God Allows Suffering to Create Greater Dependency Upon Him
Most teenage boys think they are invincible (at least my friends and I did when I was growing up!) Yet, as the years roll by that invincibility slowly changes into the realization of one’s utter frailty and weakness – and then the despair of laborious breathing at death’s door sets in! God allows suffering to reveal our need of His sustaining grace.
What do parents do when a team of doctors report they have done everything they can for their ten-year-old son, who is dying of cancer? What does a father of three young boys do, when the doctors respond after two hours on the surgical table that they did all they could to save his wife from vehicular crash injuries? What does a widow do when her husband of 51 years dies of brain cancer and she has no family support? Each one learns dependency on the grace, mercy and love of God. Each one learns that Jesus is sufficient in all circumstances. Each one learns that God will never leave or forsake them. It is through weakness and suffering that we find His joy is our strength and peace. Paul wrote,
14 For this reason I bow my knees to the Father of our Lord Jesus Christ, 15 from whom the whole family in heaven and earth is named, 16 that He would grant you, according to the riches of His glory, to be strengthened with might through His Spirit in the inner man, 17 that Christ may dwell in your hearts through faith; that you, being rooted and grounded in love, 18 may be able to comprehend with all the saints what is the width and length and depth and height– 19 to know the love of Christ which passes knowledge; that you may be filled with all the fullness of God. (Eph. 3:14-19 NKJ)
Paul also commented to the unbelievers on Mars Hill in Athens about this total dependency upon God, “…for in Him we live and move and have our being, as also some of your own poets have said, `For we are also His offspring.” (Acts 17:28 NKJ) There are many reasons why man seeks his own independence, and he has done so ever since he was a baby. That was Satan’s big sin, which caused his fall. It continues to be man’s sin today. Independence is the opposite of faith, which is dependence upon another person or object. Anything that is not of faith is sin (Rom. 14:23).

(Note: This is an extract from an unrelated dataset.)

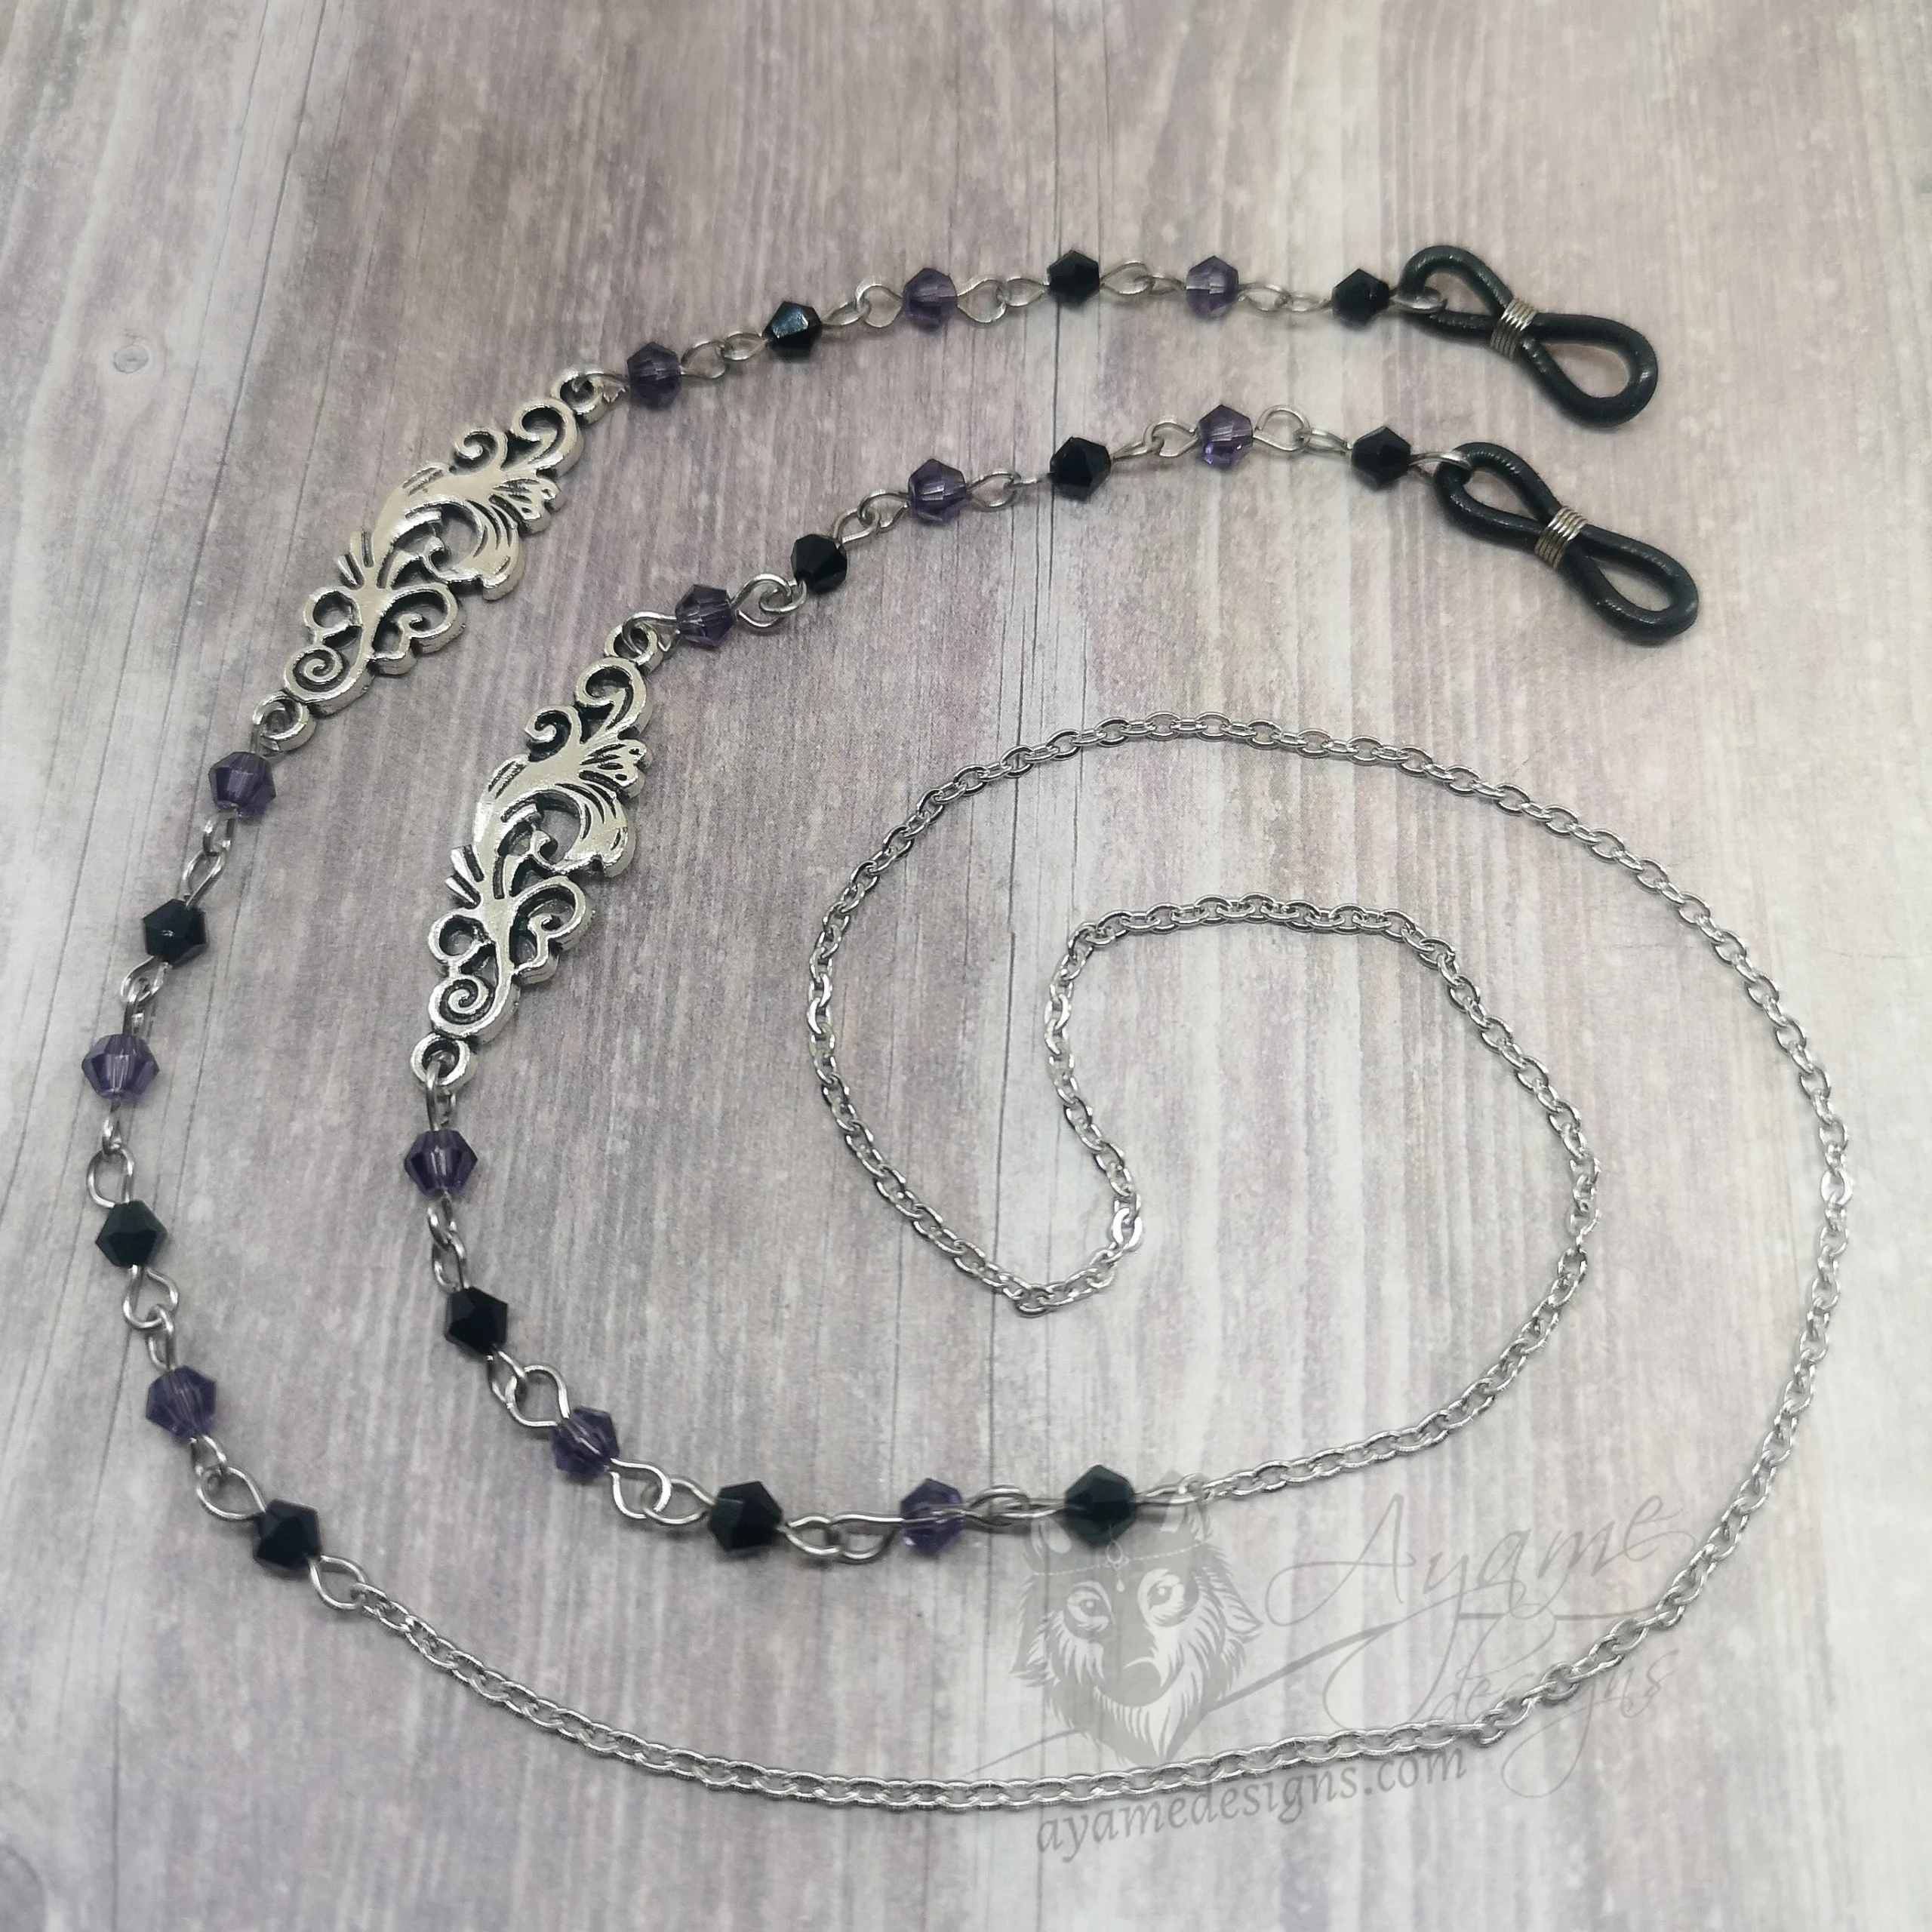 Handmade gothic glasses chain with filigree charms, purple and black Austrian crystal beads and stainless steel chain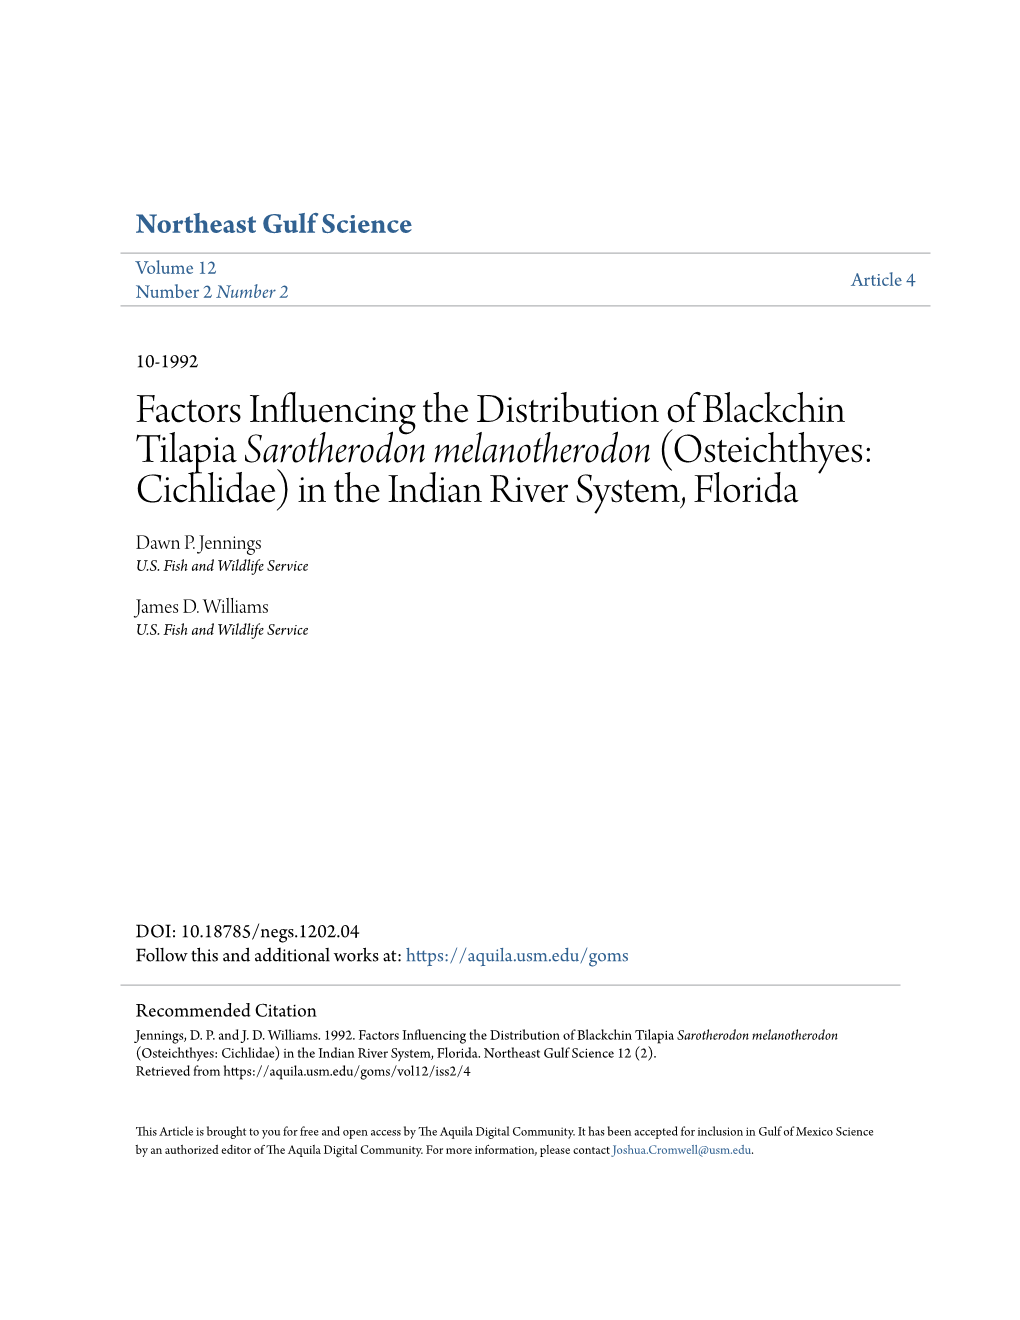 Factors Influencing the Distribution of Blackchin Tilapia Sarotherodon Melanotherodon (Osteichthyes: Cichlidae) in the Indian River System, Florida Dawn P

Consider how Job learned total dependency on the Lord. When the Lord allowed his children to be taken, his wife encouraged him to blaspheme God so he would die. When his friends who turned on him left him completely alone. Waters writes,
Job was left with God and God alone. Job’s prosperity was returned only after everyone involved understood that all blessing comes by God’s grace alone, not because of an individual’s piety nor because of accepting a retribution/recompense theology.7
Why did God leave Job alone? Was God trying to make Job miserable? Increase his suffering? No! Through this process, God revealed Himself to Job so he would understand that God alone is totally sovereign and merciful in all His ways. God does not need to explain Himself. Waters writes further about why God revealed Himself,
Through this interrogation, God has taught Job that He alone created everything—the heavens and the earth, and all that is in them—and He alone controls all that He created. He alone has the right to do with His own as He pleases. He is under no obligation to explain His actions to His creation. He alone is sovereign and unaccountable to anyone.8
Job is one of the greatest books to help us understand God’s purposes in suffering. Job cried out, “Though He slay me, yet will I trust Him.” (Job 13:15 NKJ) Larry Waters reflects on the book of Job and includes 16 Biblical principles that can be learned:
- 1. God is not to be limited to a preconceived notion of retribution/recompense [payback] theology.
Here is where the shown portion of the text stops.